Parola pubblicata il 28 Febbraio 2021
Le parole della musica - con Antonella Nigro
La vena musicale percorre con forza l'italiano, in un modo non sempre semplice da capire: parole del lessico musicale che pensiamo quotidianamente, o che mostrano una speciale poesia. Una domenica su due, vediamo che cos'è la musica per la lingua nazionale
Il termine tonalità è relativamente recente, pur tradendo evidenti origini dal tŏnus latino, col significato di tensione di una corda, accento, o intervallo fra due note, ma anche chiaroscuro. Similmente ad altre parole latine, è un prestito dal greco tónos, tensione.
I significati comuni di questo termine nella lingua italiana si riferiscono al grado d’intensità di un colore o di un suono. Comprenderne l’accezione in campo musicale è più difficile, nonostante siano stati scritti fiumi d’inchiostro al riguardo. Forse, però, potrà interessare avvicinarsi al significato di una formula come ‘sinfonia in Do maggiore’.
Azzardando un paragone con i pigmenti, la tonalità potrà conferire un ‘colore’ caratteristico e coerente all’intera composizione. Mantenendoci su un piano puramente percettivo e riducendo al minimo i tecnicismi, nel linguaggio tonale ogni composizione utilizza le note di una determinata scala. Il primo grado di quella scala darà il nome alla tonalità. Se la scala inizia da Do, la tonalità si chiamerà Do maggiore, o Do minore; se comincia da Re, sarà Re maggiore, o Re minore, e così di seguito.
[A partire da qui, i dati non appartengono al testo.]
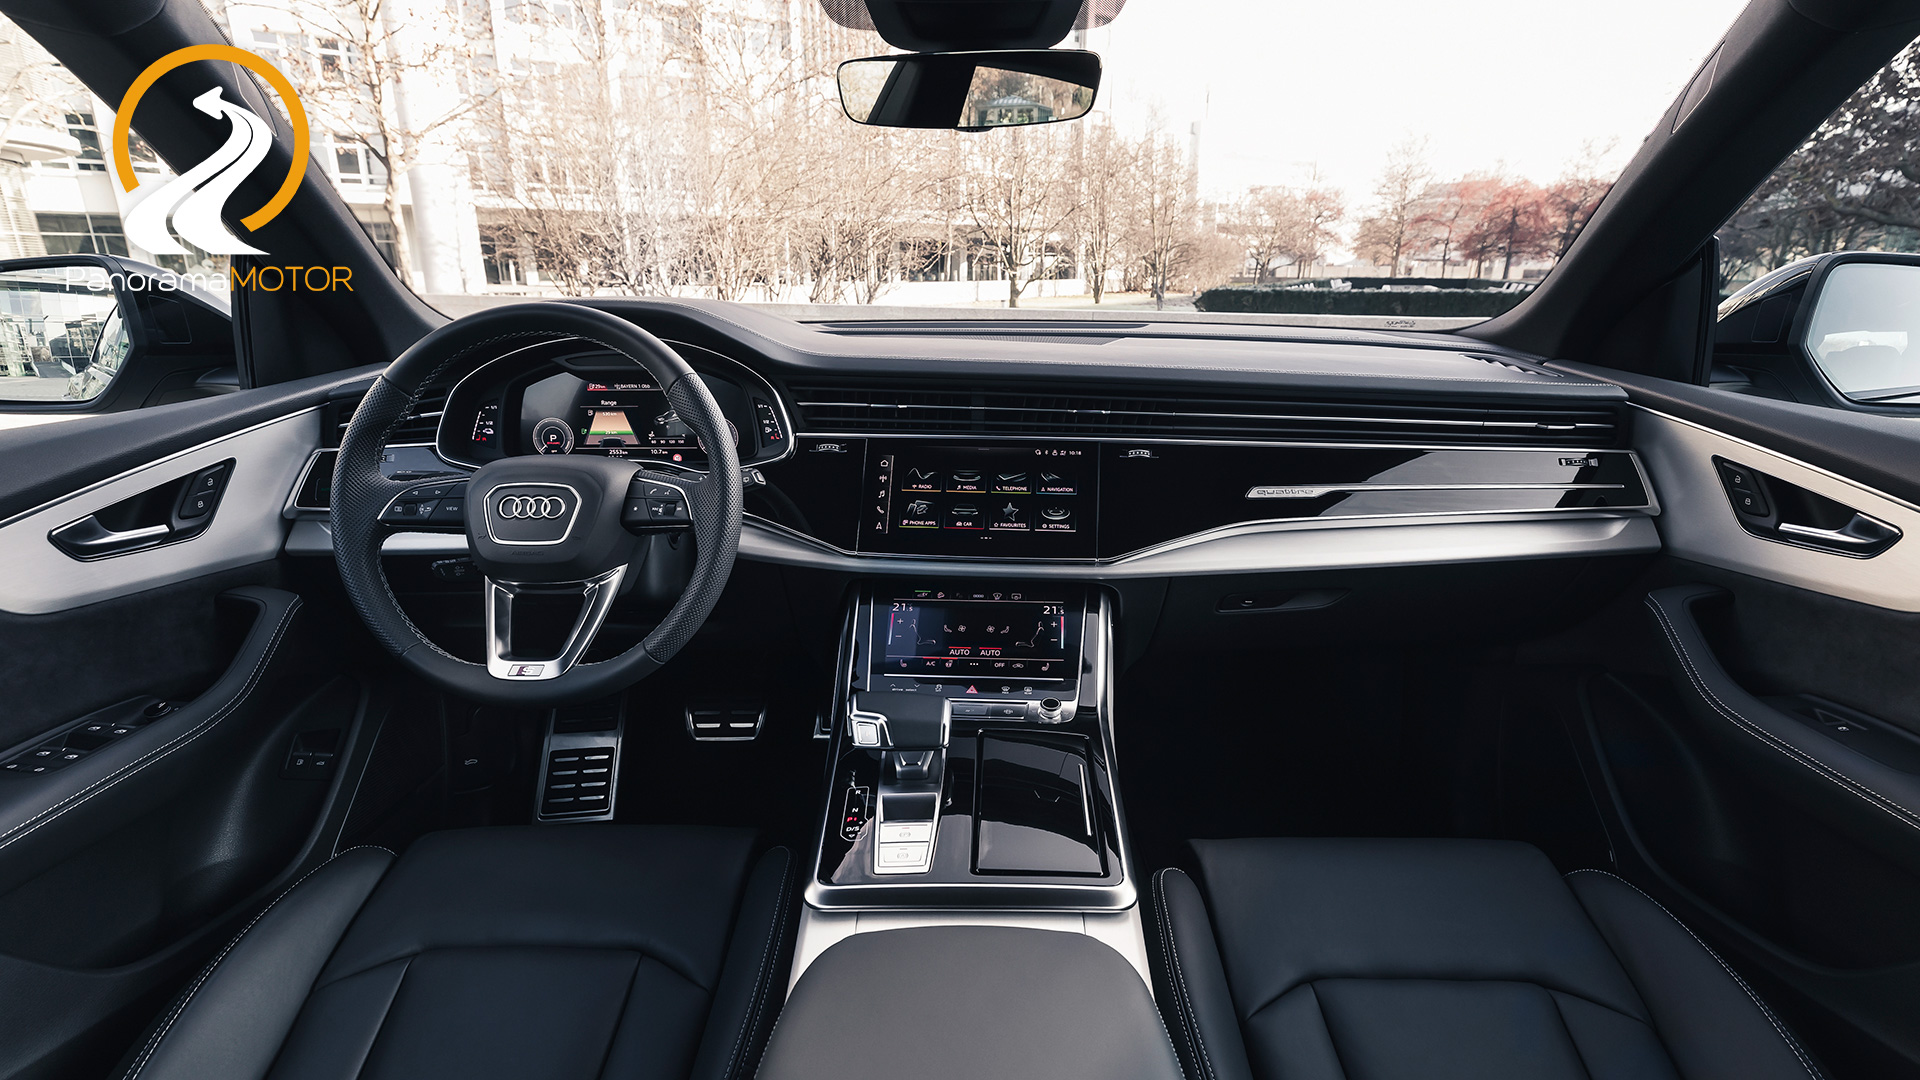 Audi Q8 TFSIe quattro 2021

Inoltre, nella tonalità possiamo distinguere due soli ‘modi’: maggiore e minore. Si è soliti dire, semplificando, che il modo minore sia adatto a esprimere sentimenti languidi, tristi, diciamo ‘a tinte fosche’ (infatti, Requiem, Stabat Mater o marce funebri sono prevalentemente in modo minore). Il modo maggiore, invece, sarà adatto a comunicare sensazioni gioiose, serene, luminose. Ma siccome uno degli elementi fondanti della musica è il ritmo, anche l’andamento più veloce o più lento può influire sul carattere della composizione. Perciò, a volte una tonalità in modo minore può suscitare sensazioni tutt’altro che cupe (per esempio, la sinfonia n. 40 di Mozart), mentre una maggiore può indurre malinconia (come l’aria Ombra mai fu di Händel).
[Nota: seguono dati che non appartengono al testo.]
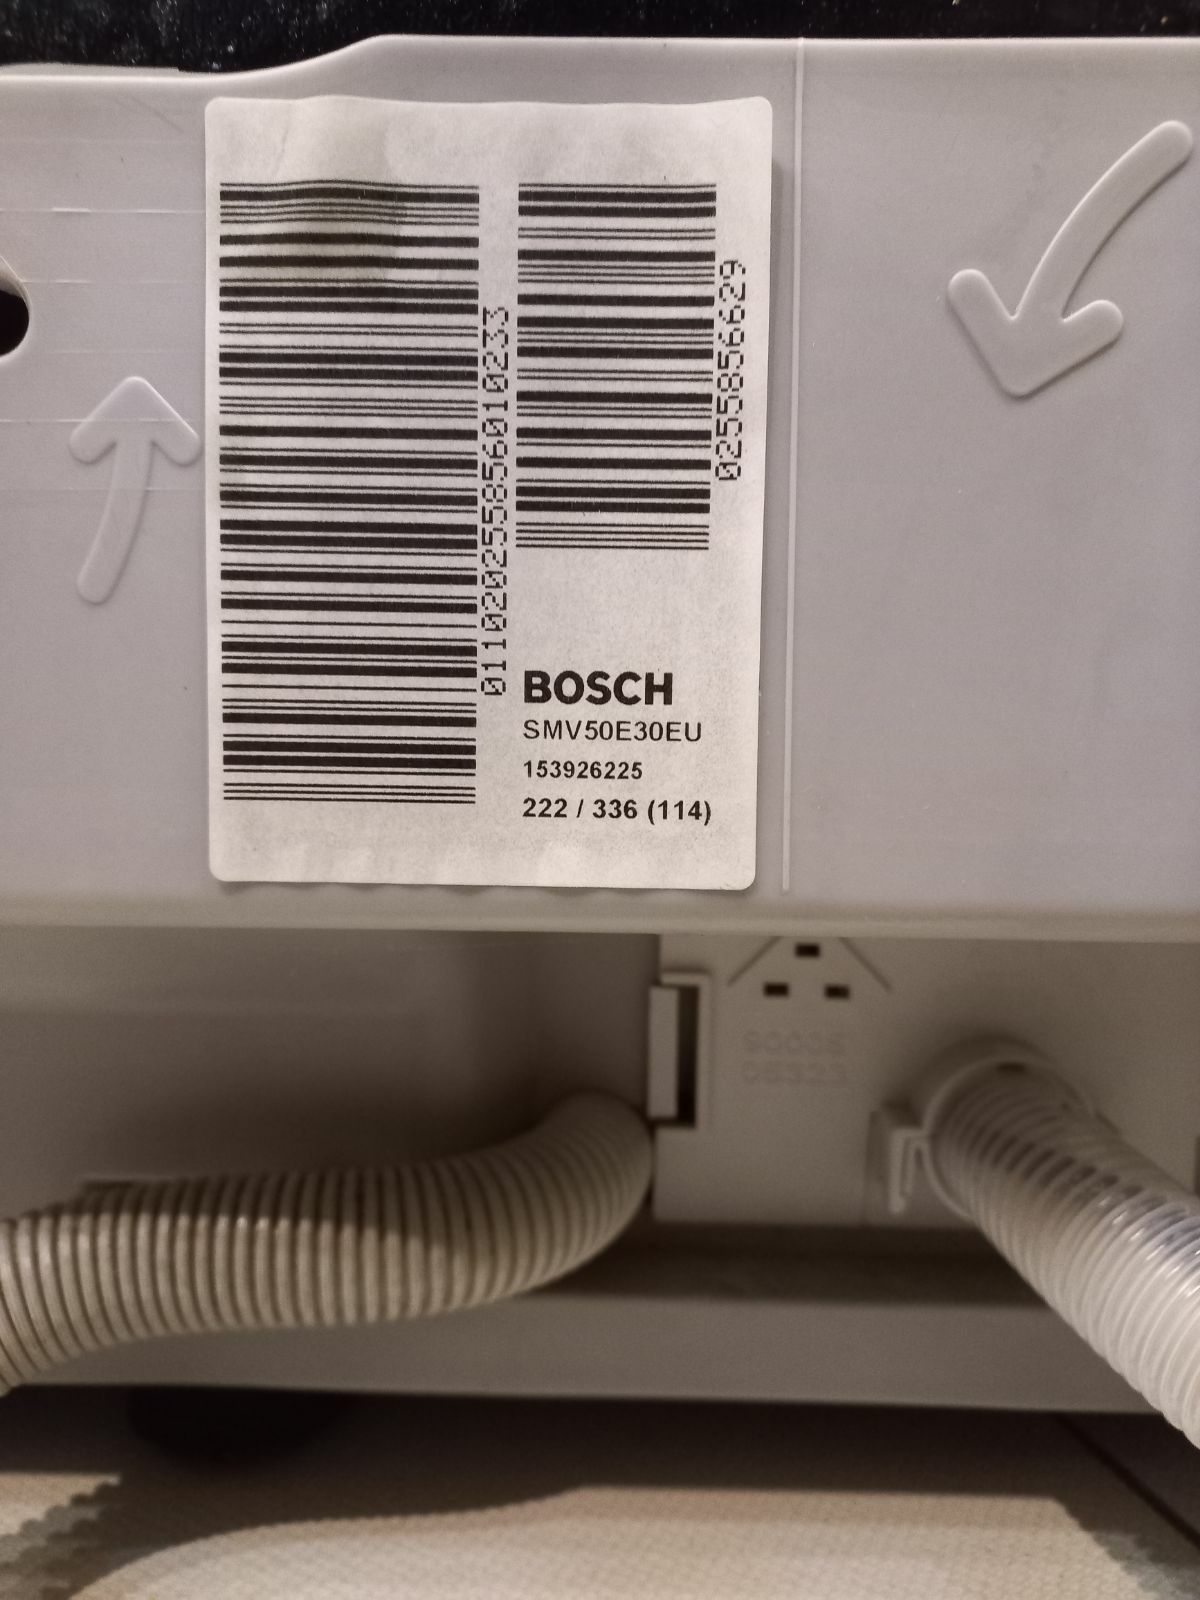 Moduł sterujący do zmywarki Bosch

Anche la scelta di una tonalità, semplicemente più acuta o più grave, può influenzare il ‘colore’ di una composizione, rendendola scura, brillante, morbida, o nervosa. Per citare un caso emblematico, questo è il celeberrimo adagio beethoveniano dalla ‘Sonata al chiaro di luna’, in una versione facilitata in Re minore, trasposta un semitono sopra. Qui invece è l’originale, in Do# minore. È vero che i due pianisti sono di evidente livello diverso; tuttavia, quel mezzo tono in più, o in meno, contribuisce a creare un clima differente tra le due performances.
Nella definizione ho detto che la tonalità è un sistema gerarchico. Infatti, ogni tonalità utilizza una scala i cui elementi, a seconda del proprio ruolo, si muovono seguendo linee guida, a volte obbligate.
Tralasciando concetti come ‘tono’ e ‘modo’ nella musica prebachiana, la tonalité moderne fu definita così per la prima volta da Alexandre-Étienne Choron nel Sommaire de l’histoire de la musique (1810). Choron riconobbe che la tonalità fu messa a punto dalla scuola napoletana del Settecento, almeno per quanto riguardava la pratica.
Naturalmente la tonalità si sviluppò con un processo lento, che si compì durante alcuni secoli. La polifonia rinascimentale aveva avviato, infatti, i mutamenti che sfoceranno nel nuovo sistema che porterà alla musica come la intendiamo oggi nel mondo occidentale. Tutto cambia, e così, in tempi moderni, anche i concetti classici della tonalità sono stati contestati e stravolti, ma questa è un’altra storia.